Give back the lines below exactly, but do not include any pictures.

- _Information provided_:
☆ ☆ ☆

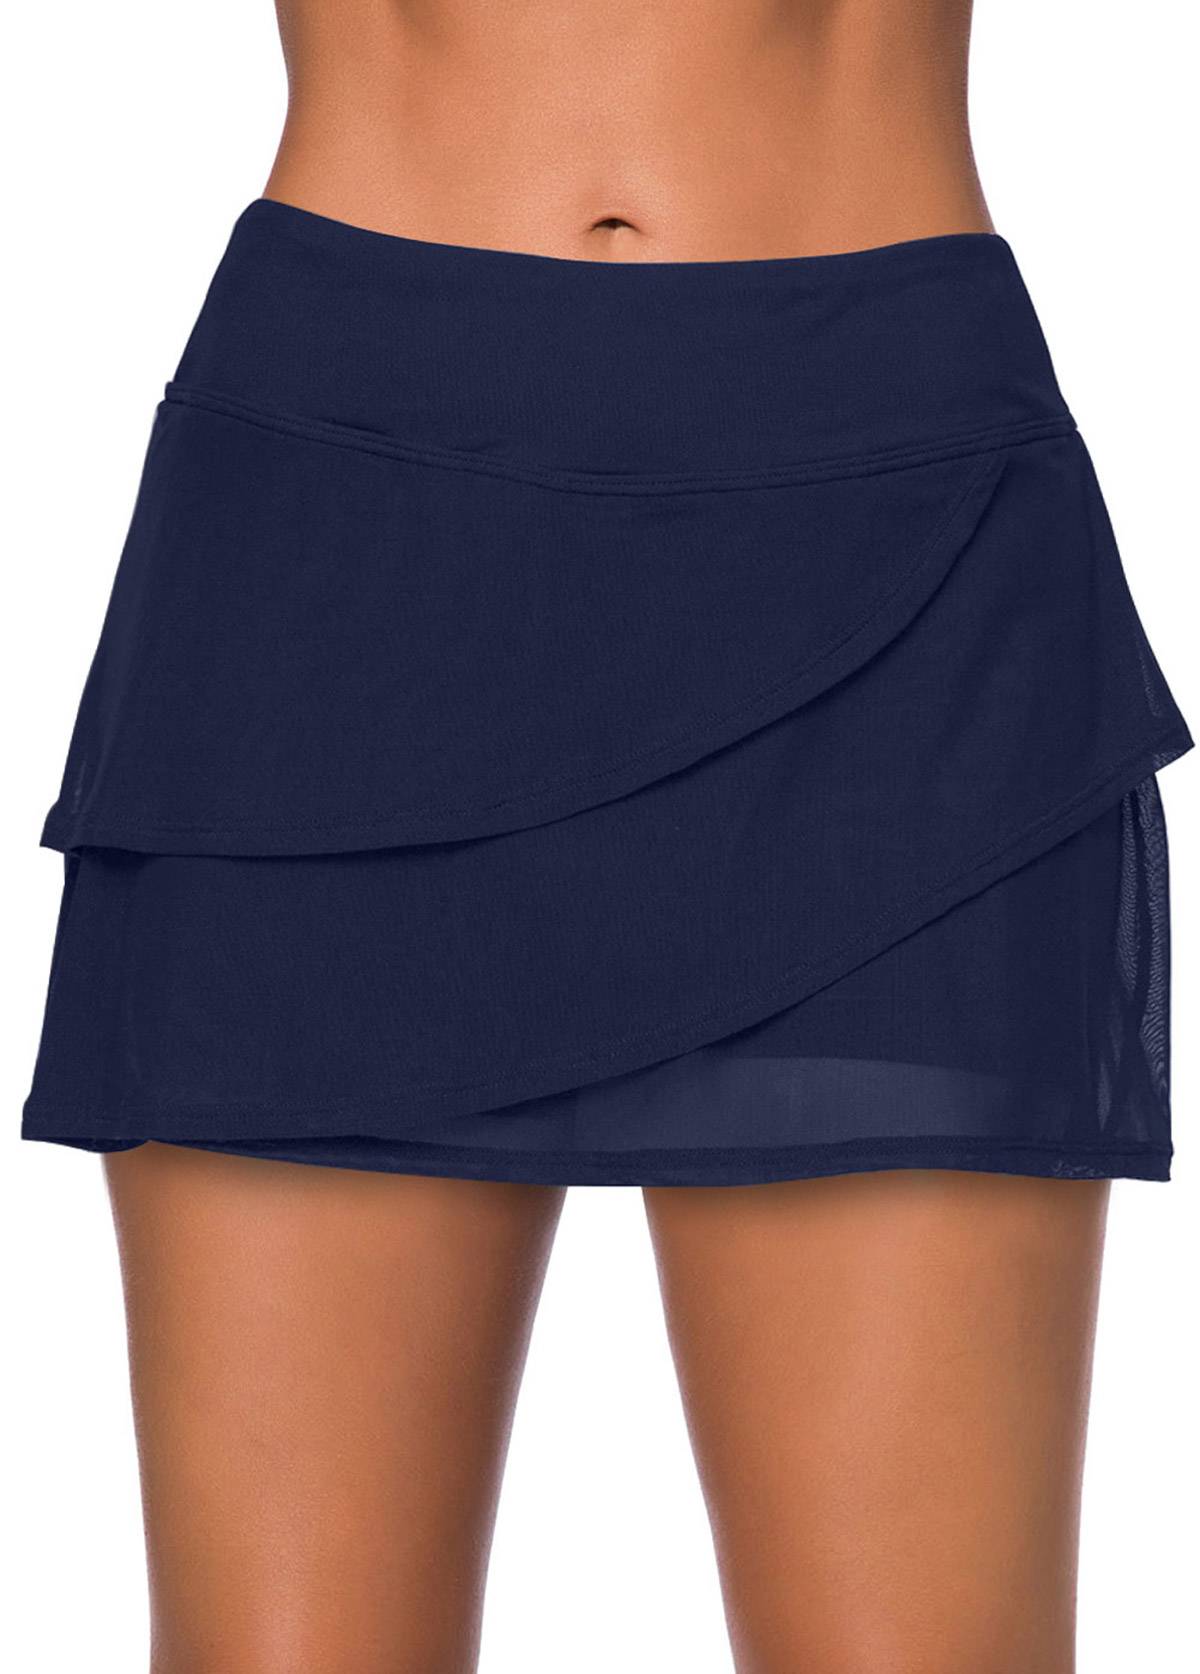 Layered Crossover Hem Navy Blue Swimwear Pantskirt
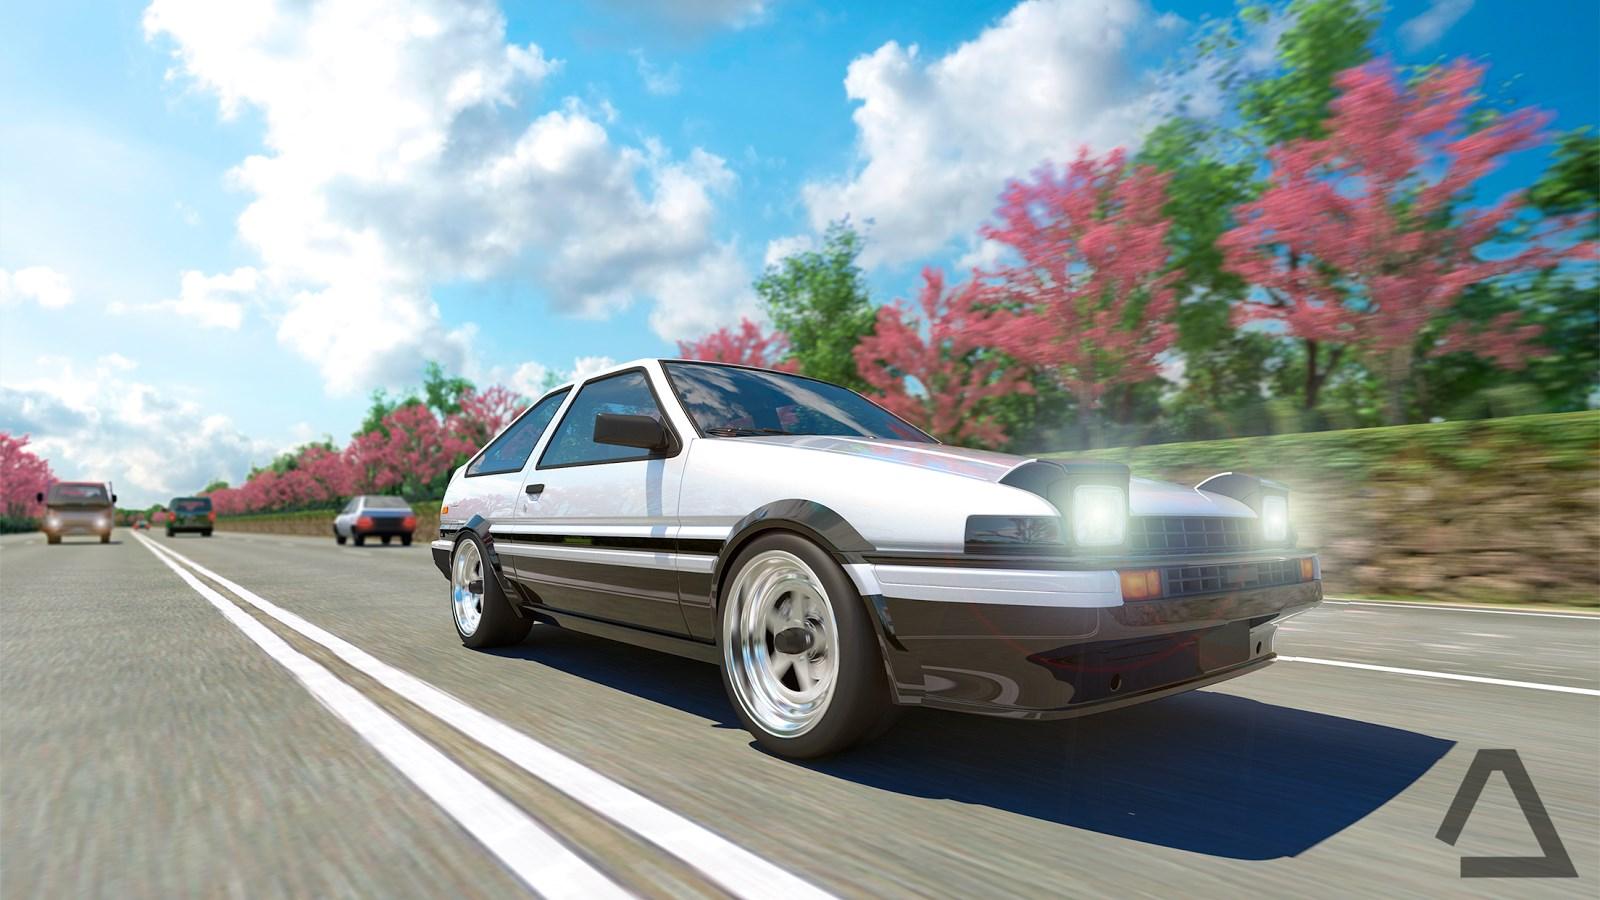 Driving Zone: Japan - Imagem 3 do software
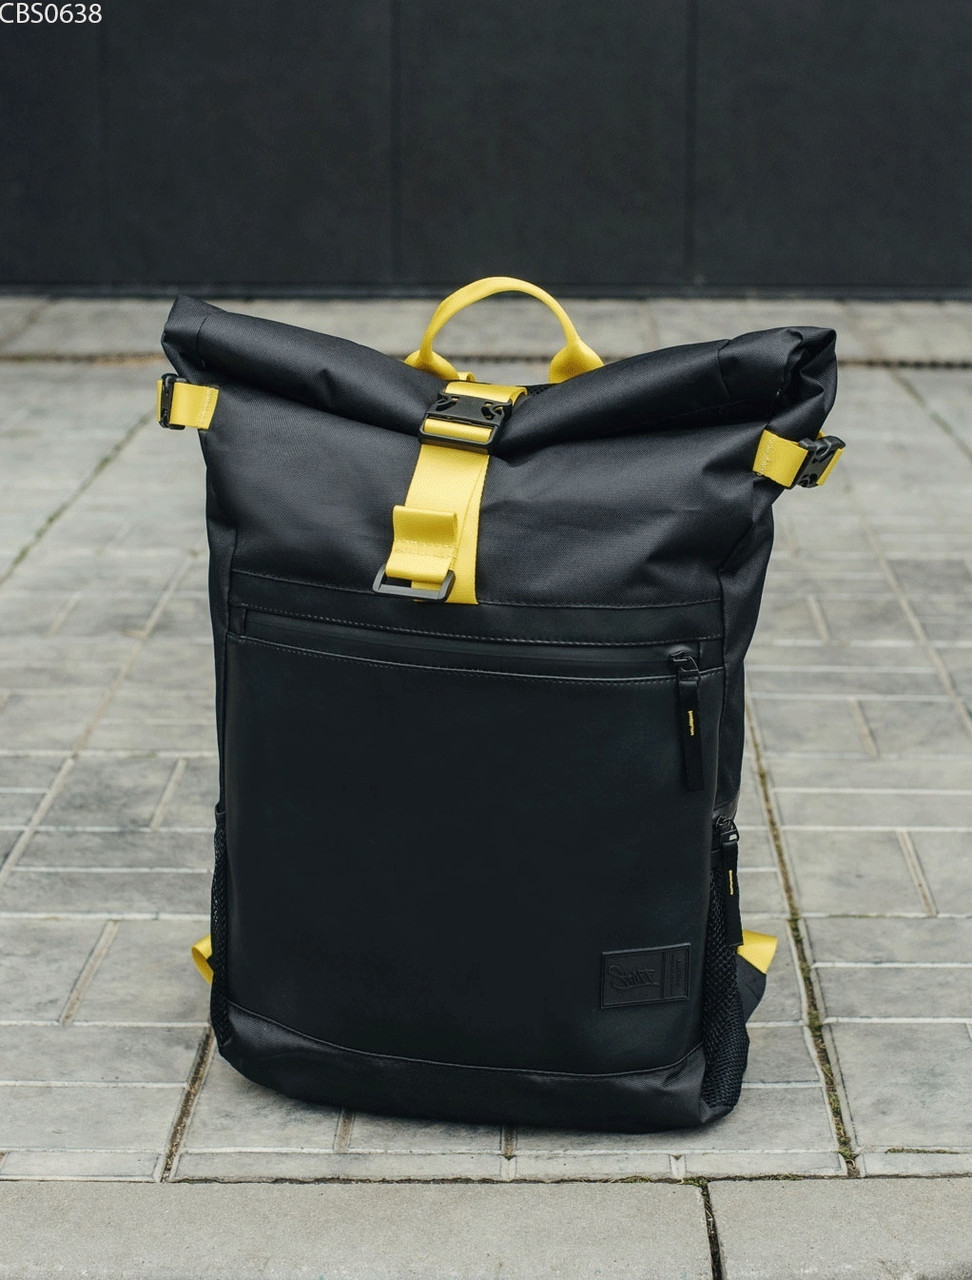 Рюкзак Staff roll black & yellow

☆ ☆ ☆

- _Your response_:
 Layered Crossover Hem Navy Blue Swimwear Pantskirt
 Driving Zone: Japan - Imagem 3 do software
 Рюкзак Staff roll black & yellow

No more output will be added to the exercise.